Wednesday, March 25, 2020

Recession could hit Social Security financial outlook


The likelihood that people will file for benefits sooner amid a downturn and the possible decline in payroll tax revenue could put pressure on the Social Security trust fund
March 25, 2020 By Mary Beth Franklin

During recessions, people tend to claim Social Security retirement or disability benefits sooner than they would otherwise because they can’t afford to delay. In addition, high unemployment caused by the economic fallout from the worldwide coronavirus pandemic would reduce the payroll tax revenue that funds Social Security.
Coupled with President Donald Trump’s proposed tax holiday to temporarily eliminate payroll taxes for employers and employees, a spike in early Social Security claims and a reduction in payroll tax collections could seriously weaken the long-term financial outlook for the Social Security trust fund, a seniors’ advocacy group warned Tuesday.
“Although many older adults today are putting off claiming benefits to allow their Social Security payouts to grow, they are unlikely to be able to afford to wait if they lose their jobs or when the value of their retirement account investments are significantly impacted,” said Mary Johnson, a Social Security and Medicare policy analyst for The Senior Citizen League.
During the Great Recession, which lasted from December 2007 to June 2009, unemployment peaked in October 2009 and remained high through at least the first half of 2013. The share of eligible men who started collecting their Social Security retirement benefits early increased in 2009 as the unemployment rate for older men surged, according to a 2013 report published by the Urban Institute entitled “How Did the Great Recession Affect Social Security Claiming?”
However, the growth in early claiming trends was modest and didn’t last, the report noted.
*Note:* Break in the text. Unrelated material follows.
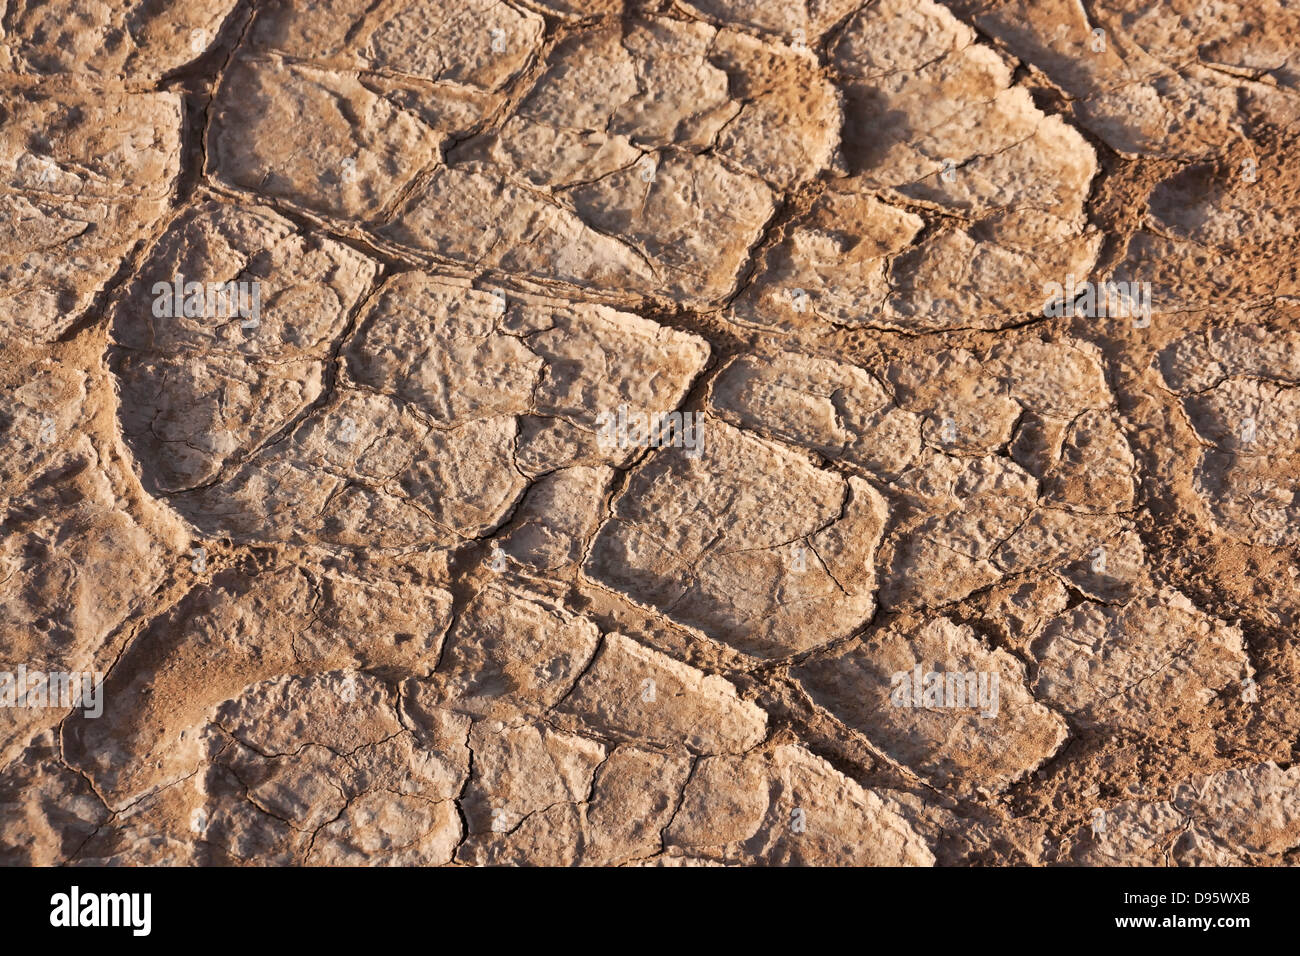 Dry soil in the Sahara desert. Stock Photo

Early claims for retirement benefits fell in 2010 and 2011 as men again delayed retirement, resuming a steady decline in men’s early claiming patterns. That trend began in 2000 in response to changes in Social Security rules that eliminated earnings restrictions for individuals once they reached full retirement age. Prior to 2000, earnings restrictions applied up to age 70.
“Providing a complete payroll tax break to stimulate the economy would only exacerbate financing issues and would be unlikely to make a big enough emergency impact when needed, especially for people who aren’t working,” Johnson said. “Congress needs to ensure that any big emergency financial stimulus to address a coronavirus-caused economic recession doesn’t put Social Security and Medicare benefits at risk as well.”
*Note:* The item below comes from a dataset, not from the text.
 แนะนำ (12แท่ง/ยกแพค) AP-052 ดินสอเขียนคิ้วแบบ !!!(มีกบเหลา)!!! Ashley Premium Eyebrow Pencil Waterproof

Trump has proposed eliminating payroll taxes that fund Social Security and Medicare beginning through the end of the year. The Institute on Taxation and Economic Policy, a nonpartisan think tank, estimates the proposed payroll tax holiday would cost $843 billion and 65% of its benefits would go to the richest 20% of taxpayers.
In 2020, employers and employees each pay 7.65% of the first $137,700 of wages to fund Social Security and Medicare. Self-employed individuals pay both the employer and employee portion, for a combined tax rate of 15.3%.
The Social Security portion is 6.20% on earnings up to the applicable taxable maximum amount.  The Medicare portion is 1.45% on all earnings, even those above the maximum wage base.
Employees would benefit directly from eliminating their share of the Social Security and Medicare taxes, the ITEP analysis said, but the benefits would not do a good job of targeting those who need help the most. Eliminating the employer side of these taxes would provide a windfall to corporations and other businesses, the report added.
Congress is working on an economic stimulus package that includes a compromise plan to target payroll tax relief to small businesses.
In the meantime, an InvestmentNews reader asked a timely question about what would happen if a client, who works part-time and collects Social Security, files for unemployment benefits. “Does unemployment income count against the Social Security earnings test?” he asked.
The short answer is no.
In 2020, individuals who claim Social Security before their full retirement age and continue to work would lose $1 in benefits for every $2 earned over $18,240. Individuals who turn 66 this year can earn up to $48,600 in the months before their birthday and would only forfeit $1 in benefits for every $3 they earned over that limit. The earnings restrictions disappear at full retirement age, meaning people can earn any amount of income without jeopardizing any benefits.
“If a client made $16,000 this year to date and then files for unemployment and receives, hypothetically, $4,000 in  benefits, does that $4,000 in unemployment income push him over the Social Security wage limit and subject him to repaying some of his Social Security?” the adviser asked via email.
No. Social Security only counts “earned” income, which is defined as wages if you work for someone else or net earnings if you are self-employed. It does not count other government benefits — including unemployment benefits — investment earnings, interest, pensions, annuities or capital gains.